New agencies are being proposed to take over services for New Zealand's 10,000 neediest people.
A final report released after a 14-month Productivity Commission inquiry says the 10,000 "highest-cost clients of the social services system" each cost at least $500,000 in lifetime services, costing taxpayers $6.5 billion in total.
It proposes handing control of services for those people either to a new national "Better Lives" agency or to expanded "district health and social boards" (DHSBs), which would buy services from mostly non-government "navigators" to coordinate help for needy clients in their regions.
Commission chairman Murray Sherwin said each needy family or individual would enrol with one of the new agencies, which would take over budgets for all health, education, justice-related and other social services for its clients.
"The focus is not on managing up to ministers, but allowing skilled professionals at the front lines to command resource and acquire the services they need from different providers to meet the needs of those in front of them," he said.
"This could start quite small, I think, and build up.... The key feature is trying to get the energy and the professional decision-making right at the coal face."
The new report is part of a package of Government initiatives aimed at encouraging schools, doctors and other social services to work together to help families with complex issues such as family violence and addictions. Other initiatives include children's teams, which already allocate a "lead professional" to coordinate services for families with children, and Whanau Ora, which appoints "navigators" to help families develop whanau plans and bring in services to help them achieve those plans.
A review of Child, Youth and Family, due to be released this month, is expected to recommend similar changes to bring agencies together when people report concerns about children at risk.
The Productivity Commission's interim report in April suggested handing over funding directly through "vouchers" to the people who need services, allowing them to choose the services they want to buy.
Its final report recognises that vouchers are only suitable for some services - specifically home-based support of older people, respite services, family services, and drug and alcohol rehabilitation.
It divides New Zealanders into four quadrants:
• Low needs and high client capacity (the vast majority). These people would still be able to choose specific schools, doctors and other services when they need them, and state funding would follow their choices as it does now. The report says this is already a kind of "voucher" system.
• Low needs and low client capacity (such as an older person with specific care needs). Services for these people would continue to be provided by state agencies or through contracts with non-government agencies.
• High needs and high client capacity (such as someone with a physical disability but full mental capacity). The report proposes handing budgets to these people so they can choose and buy their own services.
• High needs and low client capacity (people with complex needs). These are the "10,000 highest-cost clients" and would be helped by "navigators" working closely with the clients to get help from multiple agencies.
The report says this last group could be funded through a new "Better Lives" agency with a budget to fund "commissioning agencies" such as Whanau Ora commissioning entities and other non-profit groups, which in turn would fund "navigators" with budgets to buy services from multiple sources for each enrolled client.
Alternatively, district health boards could be given a wider mandate to buy social services for their neediest clients from multiple agencies.

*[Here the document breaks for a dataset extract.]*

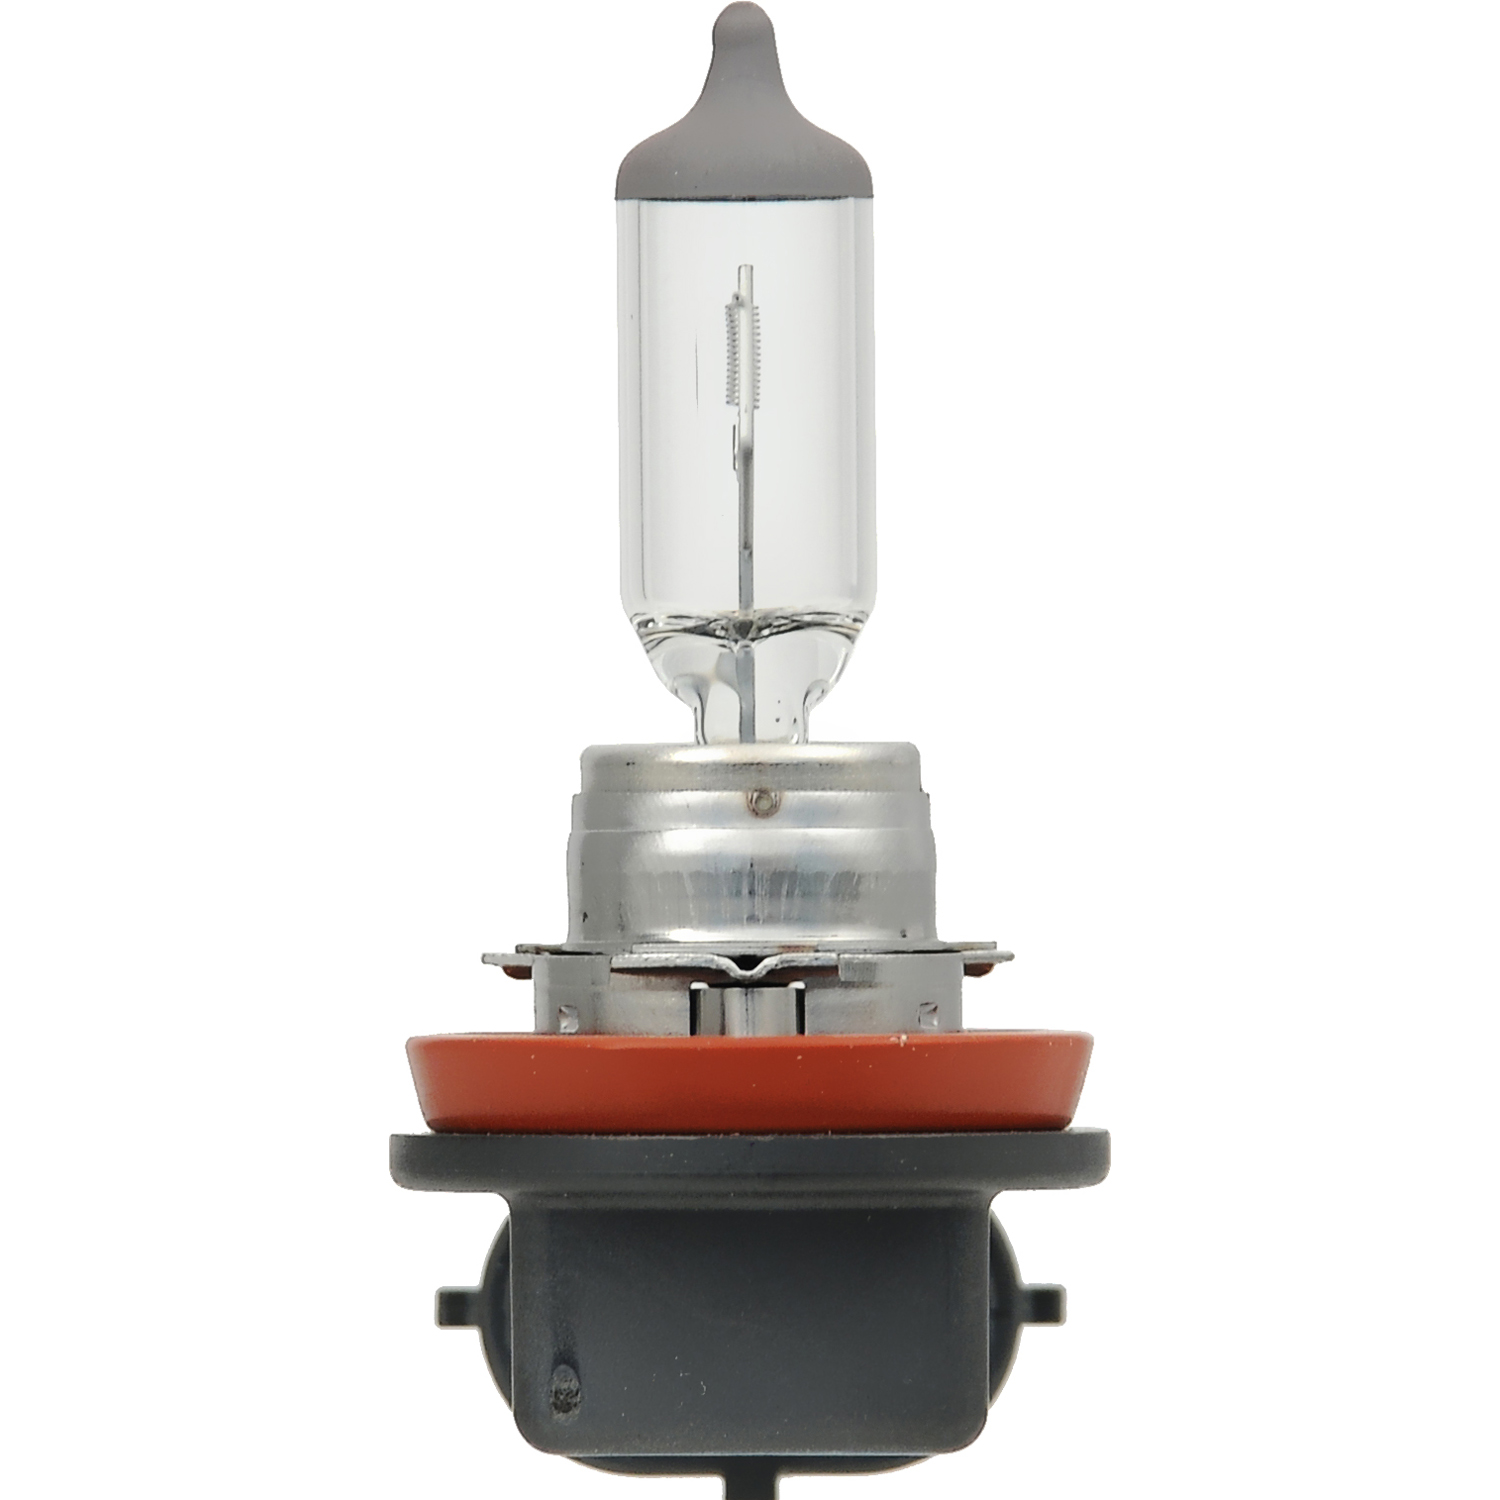 SYLVANIA RETAIL PACKS - Box Headlight Bulb - SYR H11.BX

Mr Sherwin says other options could also be possible, such as extending the role of the children's teams that are already being set up.
Council of Christian Social Services director Trevor McGlinchey says he supports the principle of handing control of budgets for needy clients to local communities, but he warns that focusing purely on the 10,000 needy individuals or nuclear families misses the need to build the strength of the wider whanau and community around them.
"If you are funding an organisation to deliver a series of outcomes [for a particular client], and at the same time that organisation makes a wider contribution to the community, that wider contribution should be valued," he says.
"This report rejects that, saying we are only interested in the outcomes. We would say that tends to open up the field to private providers, and we would say a good community-based social service organisation able to deliver the service and achieve community value and community cohesion and community development and empowerment should all be taken into account."
Auckland City Missioner Dame Diane Robertson says the report proposes new layers of bureaucracy and "navigators" to coordinate different services, when the best answer would be to provide a single integrated service for each client in need.
She says mission research with 100 needy families last year found that families did actually understand the system and did not need "navigators". They simply needed help with the basics of adequate food, housing and income so that they had time and energy to tackle other issues such as mental health or addictions.
"We need to rethink," she says.
"We have foodbanks. We give people six food parcels a year. It would be better for the foodbanks to get together and take so many families and provide a food parcel every two weeks for a year and at the same time look at other issues with them."
Finance Minister Bill English and State Services Minister Paula Bennett say they will consider the report's recommendations.
"It is clear that further ongoing change is needed," they said. "This report provides a useful road map to drive further improvement."